Especificamente, naquele semestre de 2019, durante quinze
semanas, propus a narração oral e a escrita de ensaios autobiográficos,
seguindo o propósito das narrativas de experiências vividas como prática de
formação e método de investigação. As temáticas escolhidas foram: escolha da
profissão; antecedentes familiares, musicais e educacionais; ser professor e
músico; atuação profissional com música; aprendizagem musical; música no
contexto escolar; experiências formativas marcantes; experiências com
composição e improvisação; experiências com educação musical não formal; e como
as experiências pessoais musicais se relacionam aos estudos teóricos e às
visões epistemológicas de autores das áreas de educação e, especialmente, de
educação musical.
A cada aula, uma aluna narrou a sua história correspondente à
temática proposta. O fato de ser uma conversa em grupo fazia com que os
discursos narrativos não fossem contados de forma linear e cronológica, mas por
meio de uma corrente fragmentada de percepções e lembranças (ARANGO, 2016). Por vezes, os ensaios
autobiográficos escritos previamente eram lidos durante a aula, e, conforme as
estudantes liam, percebi que lembravam de outros acontecimentos ou comentavam
que ajustariam a escrita para poder inserir algum detalhe omitido ou retirar
alguma parte que consideravam não ser tão relevante.
Fazíamos perguntas umas às outras e tecíamos comentários
construtivos. Era um momento de pensar juntas, como afirma Hernández (2013, p. 19), “não somente
sobre a experiência narrada do outro, mas sobre a experiência do encontro entre
sujeitos”. Dessa maneira, não se tratava de uma entrevista em grupo, como um
método de pesquisa, mas de uma prática de formação (PASSEGGI, 2011). Parafraseando Hernández (2013), era um espaço comum onde
eu, como pesquisadora, queria saber sobre elas e sobre mim mesma, e as
mestrandas, que me ofereciam suas experiências, também queriam saber de si e de
todas nós.
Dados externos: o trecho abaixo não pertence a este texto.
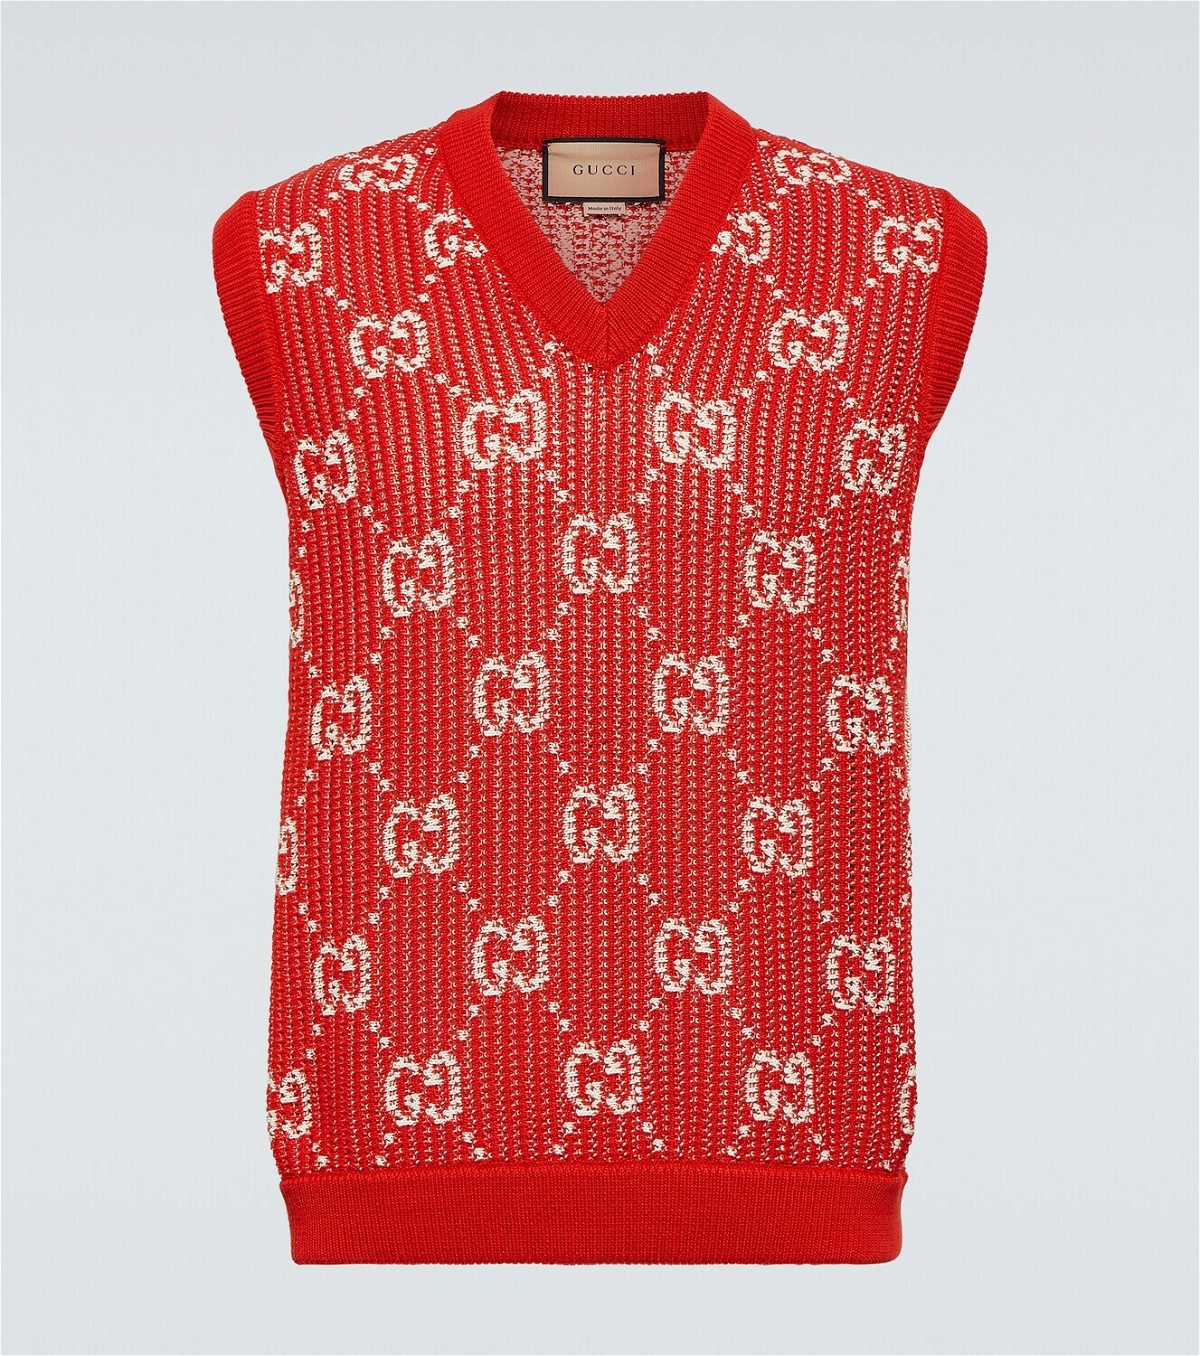 Gucci GG jacquard cotton sweater vest

Era uma forma de aproximação ao conhecimento.
Em um dos seus ensaios autobiográficos, Giulliana
narra que, inicialmente, teve “alguma resistência para expor verdadeiramente as
histórias” de seu percurso de vida com música. No entanto, continua:
Com a ajuda dos
textos lidos e das discussões em sala, fui me entregando a esta proposta, fui
aos poucos retirando o véu que encobria minha capacidade de ouvir de mim mesma
o que realmente tinha sido importante no meu percurso de vida musical e, aos
poucos, fui entendendo a profundidade desta disciplina.
De acordo com Passeggi (2011, p. 153), as narrativas de si, orais e
escritas, são formadoras a partir do momento em que há “coerência entre a noção
da reflexividade autobiográfica, entendida como o retorno sobre si mesmo, para
tirar lições de vida, e a noção de formação”. Recordar as experiências de vida
e narrá-las implica um distanciamento do narrador e a
possibilidade de se permitir ver com outras lentes. Esse processo de
compreensão de si a partir da perspectiva do outro, continua a autora,
pressupõe enfrentar sentimentos de rejeição,
contradição, surpresa, frustação. Porém, é desse modo que ocorre a transforma-ção durante os processos formativos.
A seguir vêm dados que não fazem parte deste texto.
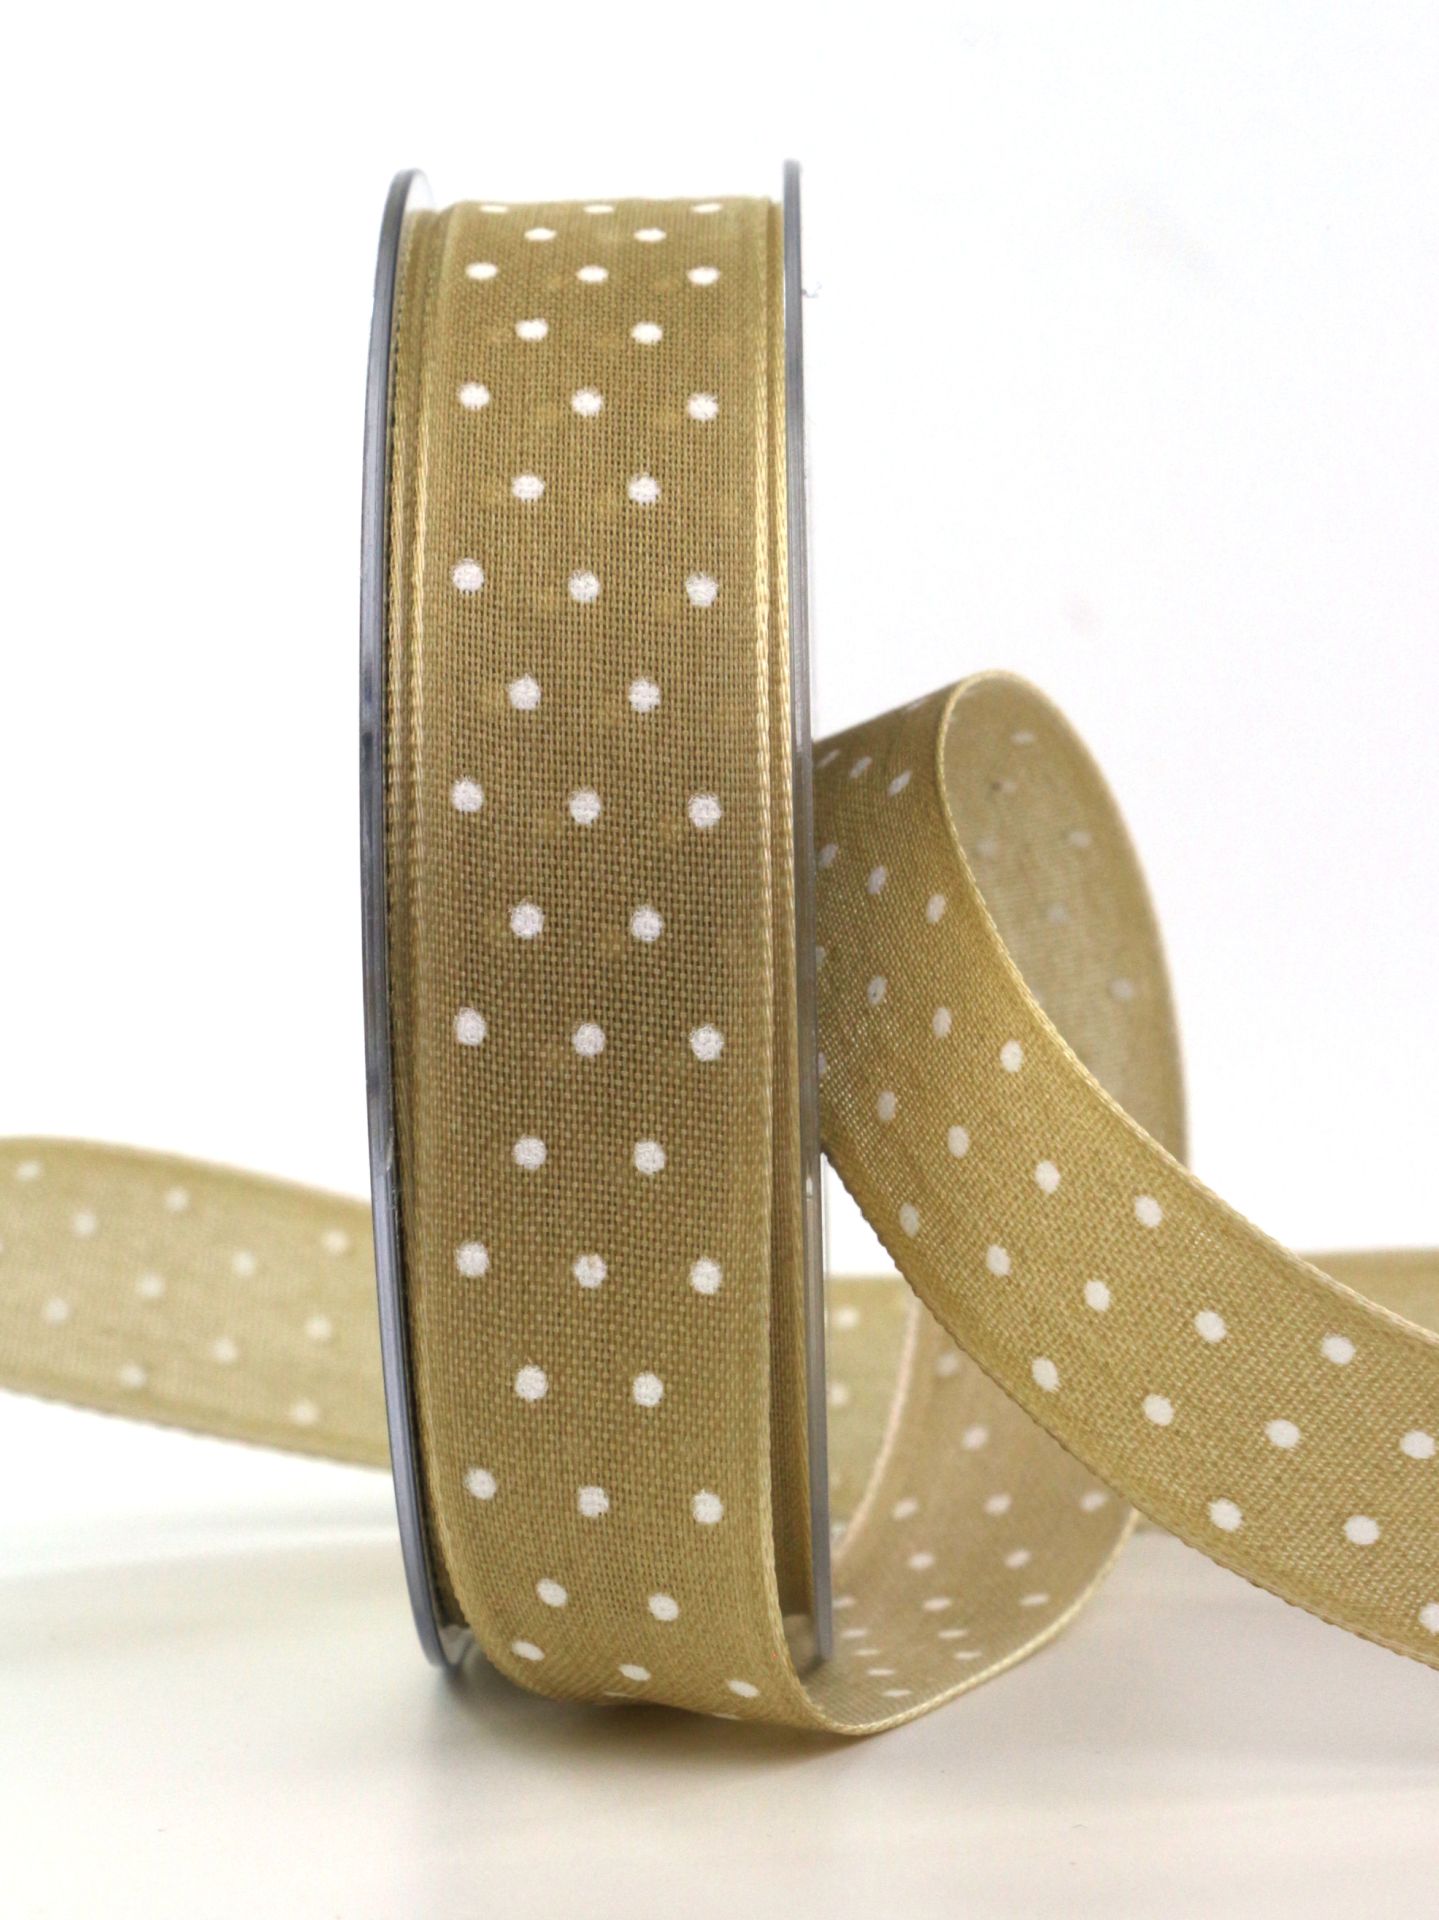 Leinenband mit Punkten, braun, 25 mm breit, 20 m Rolle - geschenkband, geschenkband-gemustert, geschenkband-mit-punkten

Foi nessa perspectiva que me referi à escrita de narrativas como
método de investigação, visto que intencionava utilizá-las como fontes
biográficas, pois meu interesse como professora formadora era conhecer e
acompanhar os processos formativos e (auto)formativos em educação musical das
estudantes matriculadas na disciplina. Contudo, a principal questão que motivou
a pesquisa foi investigar o caminho trilhado por elas para decidir pela
profissão professora de música.
O interesse por esses mesmos processos formativos de estudantes
dos cursos de Mestrado Acadêmico em Música (PPGMU/UnB) e Mestrado Profissional
em Artes (PROF-ARTES/UnB), similar ao dos estudantes matriculados na disciplina
supracitada, permeou o trabalho de Abreu
(2017a), que adotou os memoriais formativos. Outros trabalhos que utilizam
a abordagem (auto)biográfica em educação musical podem ser encontrados, inicialmente,
nas pesquisas de Almeida (2019) e Gontijo (2019) e, posteriormente, nos
trabalhos de Marques, Pedrollo
e Madeira (2021), Pedrollo
et al. (2021) e Madeira et al.
(2021).
As autoras refletem sobre o aumento de pesquisas nessa
perspectiva, demonstram quais procedimentos teórico-metodológicos têm sido
adotados, apresentam os autores mais citados e as temáticas de interesse
investigativo dos pesquisadores, além dos termos e conceitos produzidos na
interface entre música, educação musical e (auto)biografia. Consequentemente, a
discussão sobre uma área de conhecimento em construção tem sido constante entre
os profissionais. Nesse sentido, vale sublinhar os novos vocábulos:
autobiografias musicais, biografia musical, biografia músico-educativa, escuta
musical autobiográfica, musicobiografização e ateliê musicobiográfico de projeto.
“Adoro contar sobre esta
fase”
Aos quatro anos de idade, Giulliana
foi morar em um sítio na Serra da Mantiqueira com os pais e irmãos – o mais
velho com seis anos e a irmã caçula com seis meses. Ela conta que “não tinha
energia elétrica, não tinha estrada que se chegasse de carro, não tinha
supermercado, apenas pessoas com um mesmo ideal: construir um ambiente saudável
para criar os filhos”. Vale ressaltar que a Serra da Mantiqueira está entre as
belezas naturais brasileiras por ser uma cadeia montanhosa, de aproximadamente
500 quilômetros, que se estende pelos estados do Espírito Santo, Minas Gerais,
Rio de Janeiro e São Paulo.
A família de Giulliana encontrava-se
no lado mineiro do rio Preto, que faz a divisa com o lado carioca. “Outras
famílias, algumas fugindo de perseguição política do regime militar, outras em
busca de outras maneiras de viver e criar os filhos, se juntaram a nós e lá
fundaram uma escola para alfabetizar e escolarizar as crianças”, acrescenta Giulliana.
Essa escola
experimental, que se chamava Escola da Terra, tinha seus princípios baseados no
socioconstrutivismo de Paulo Freire com algumas
tendências estéticas da Pedagogia Waldorf. Na minha
classe de primeiro ano, tinham crianças de todas as idades, alguns que, aos
quatorze anos de idade, estavam tendo pela primeira vez na vida seus primeiros
contatos com a vida escolar. Essa experiência mágica ainda repercute em mim e
nas minhas ações até hoje.
Crescer “em uma comunidade quase hippie nos
anos 1970 em um rincão da Serra da Mantiqueira”, como escreveu Giulliana, e rodeada por adultos que não só queriam
modificar a escola, mas também a realidade social, é, de fato, “uma experiência
mágica” que ficou para sempre em sua memória. Uma memória que remete a
concepções e valores de vida, de família e amizade, de educação e comunidade.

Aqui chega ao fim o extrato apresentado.